What you will do » In the material below, the line holding "Beautiful Horizon Landscape" and every line after it should be reproduced exactly, please, with pictures omitted.

Data »

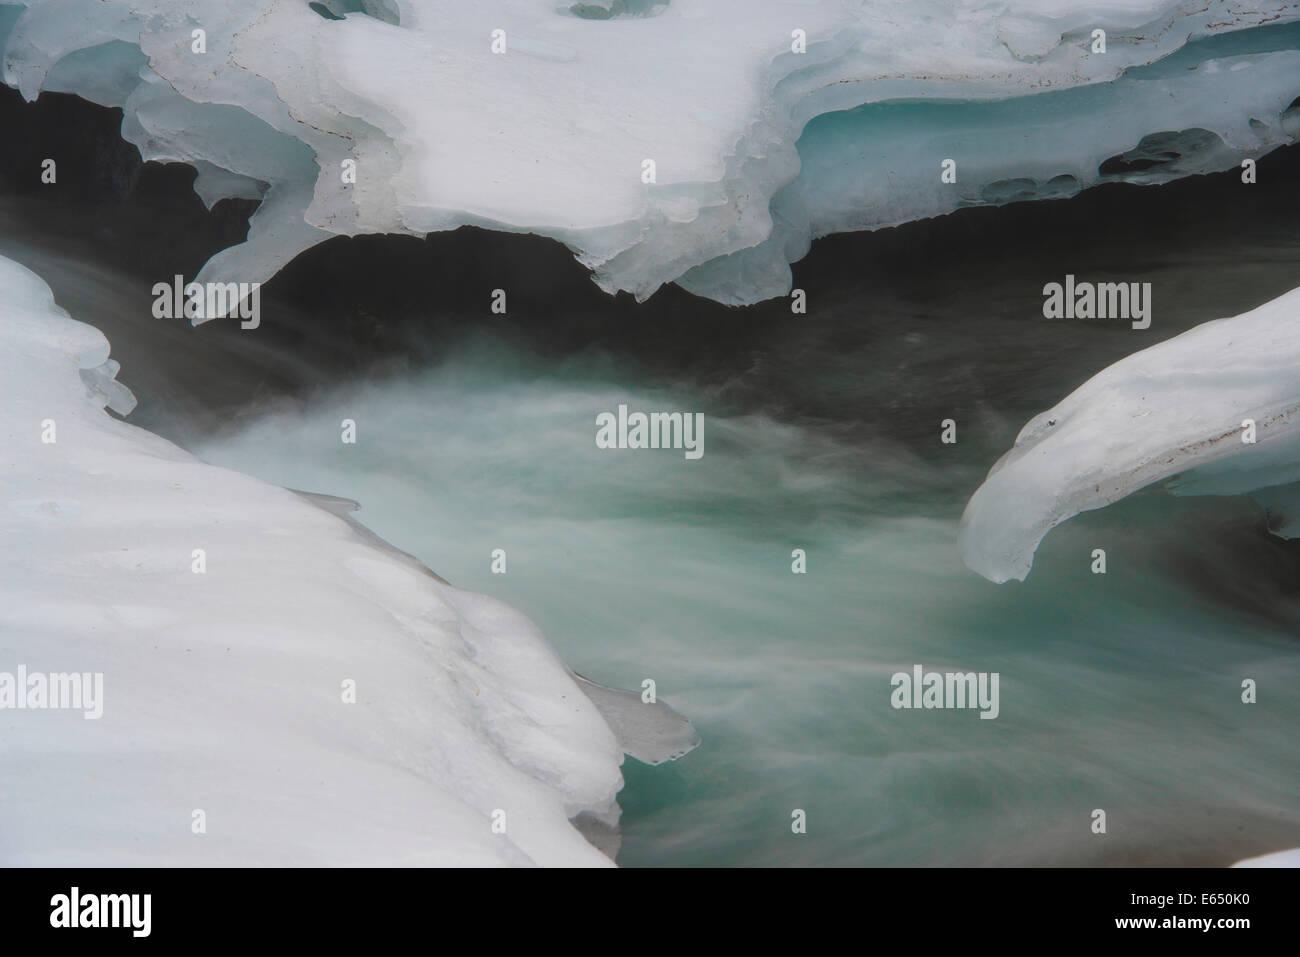 Ice sculptures, Krimml Waterfalls, Krimml, Zell am See District, High Tauern National Park, Salzburg, Austria Stock Photo
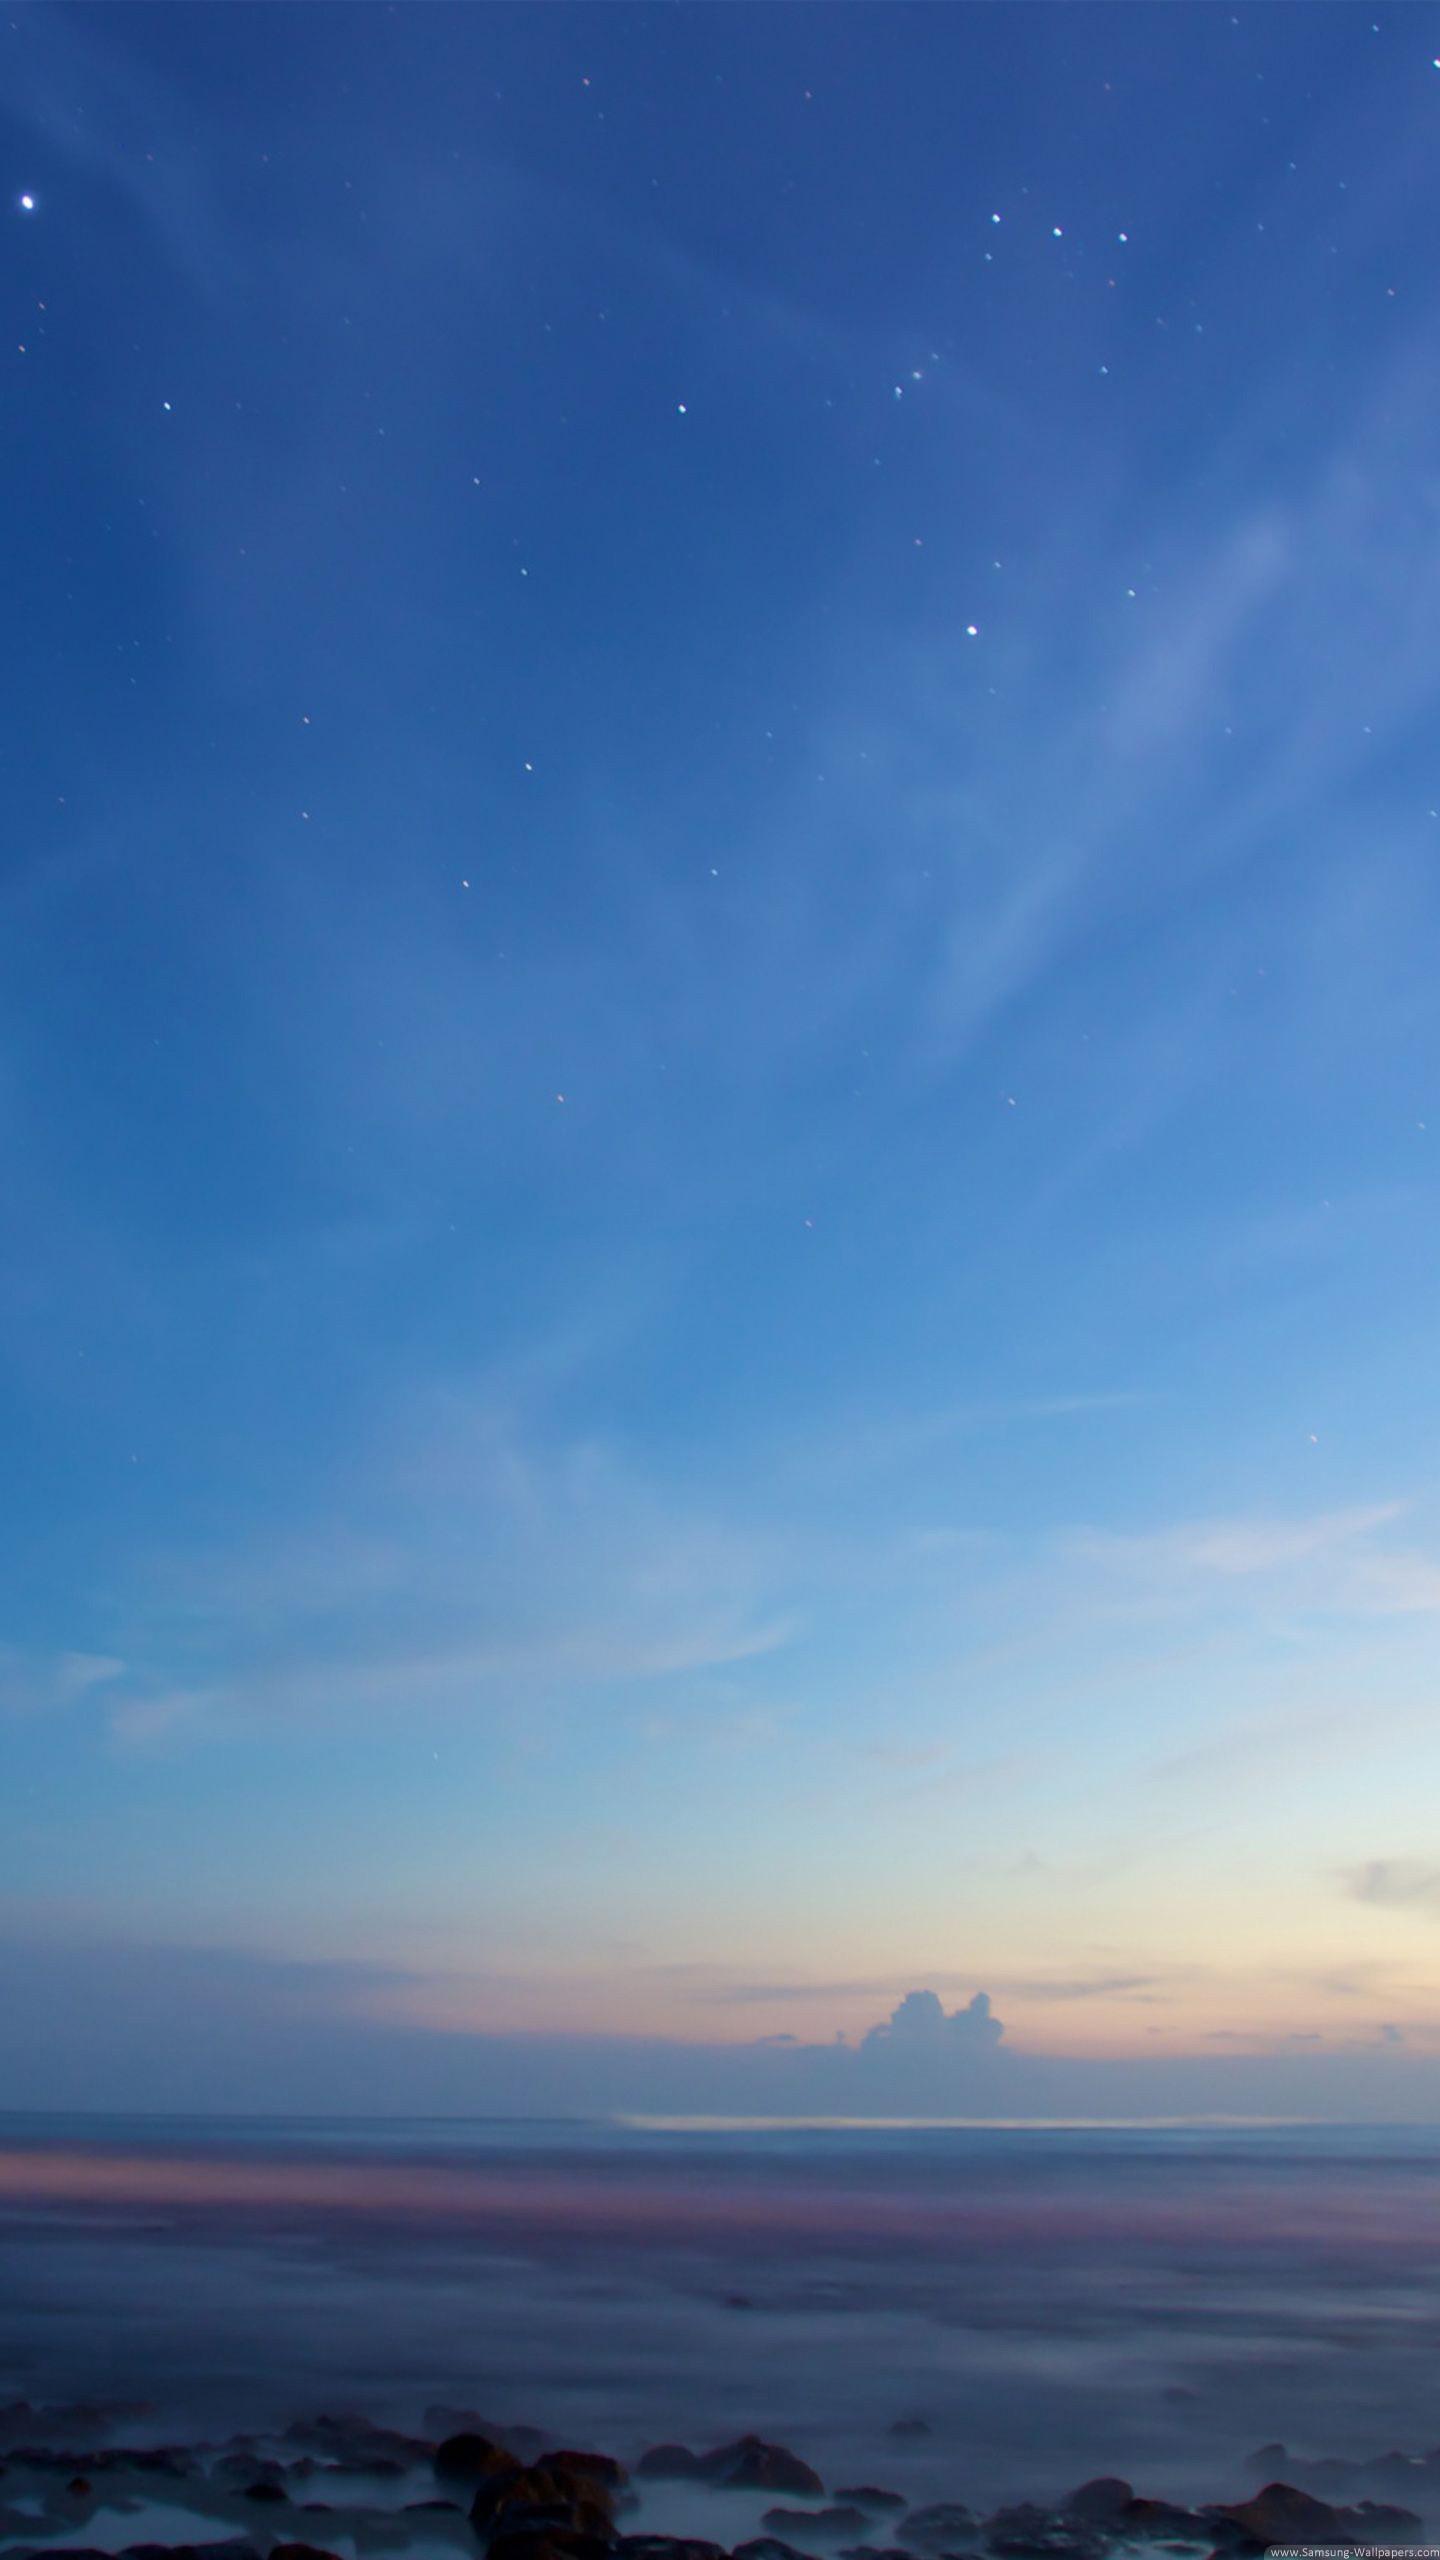 Beautiful Horizon Landscape Lock Screen Samsung Galaxy - 4k Iphone 7 Plus , HD Wallpaper & Backgrounds
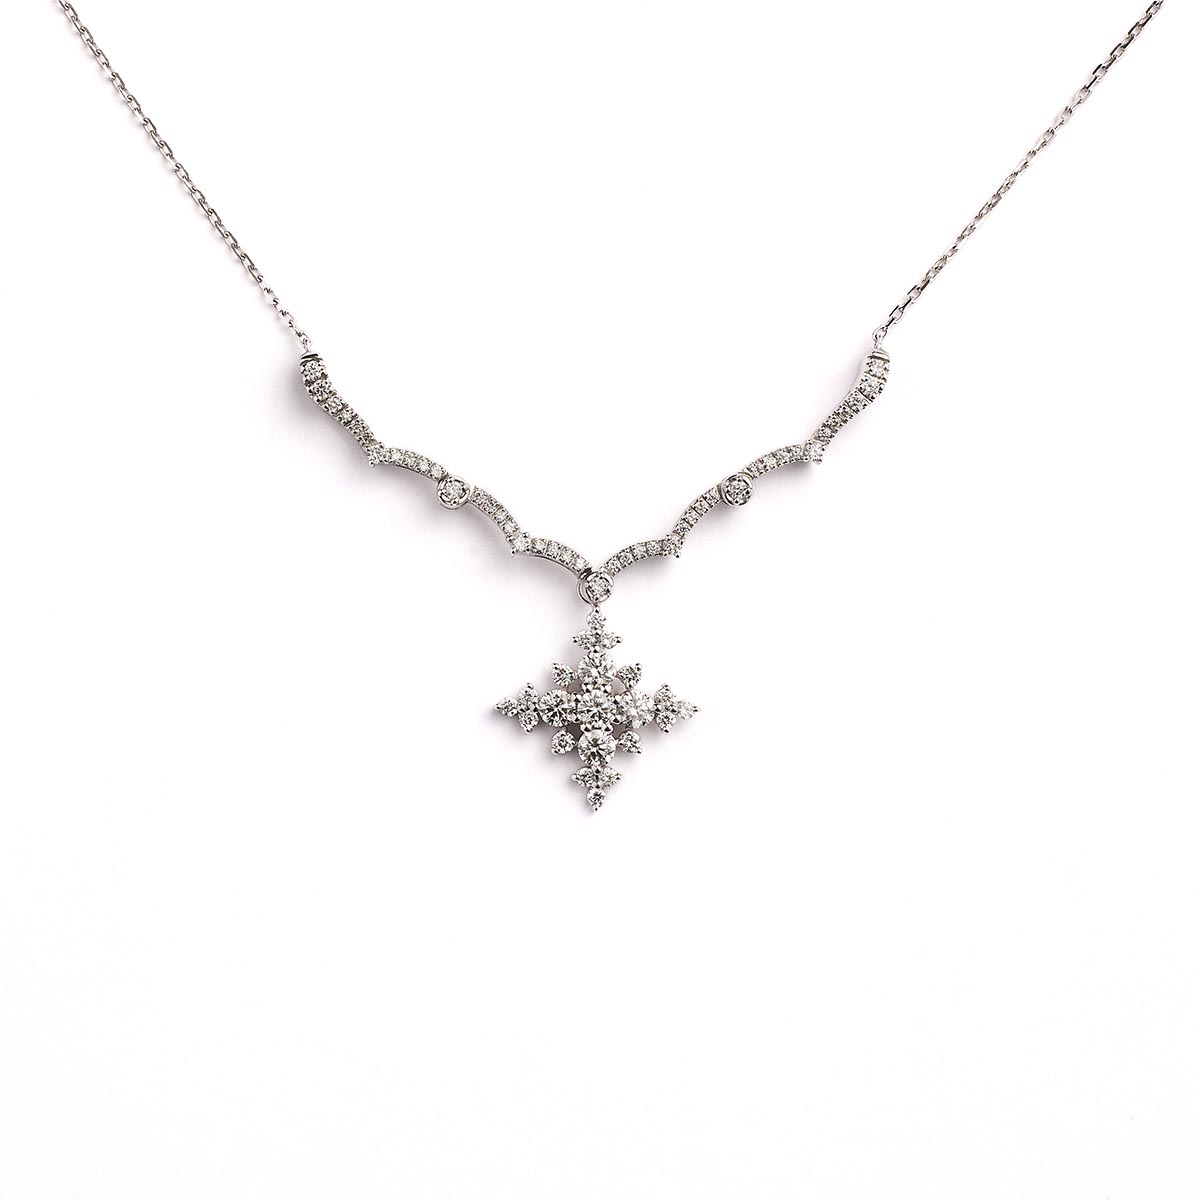 K18WG Diamond Pendant

Solved exercise »
 Beautiful Horizon Landscape Lock Screen Samsung Galaxy - 4k Iphone 7 Plus , HD Wallpaper & Backgrounds
 K18WG Diamond Pendant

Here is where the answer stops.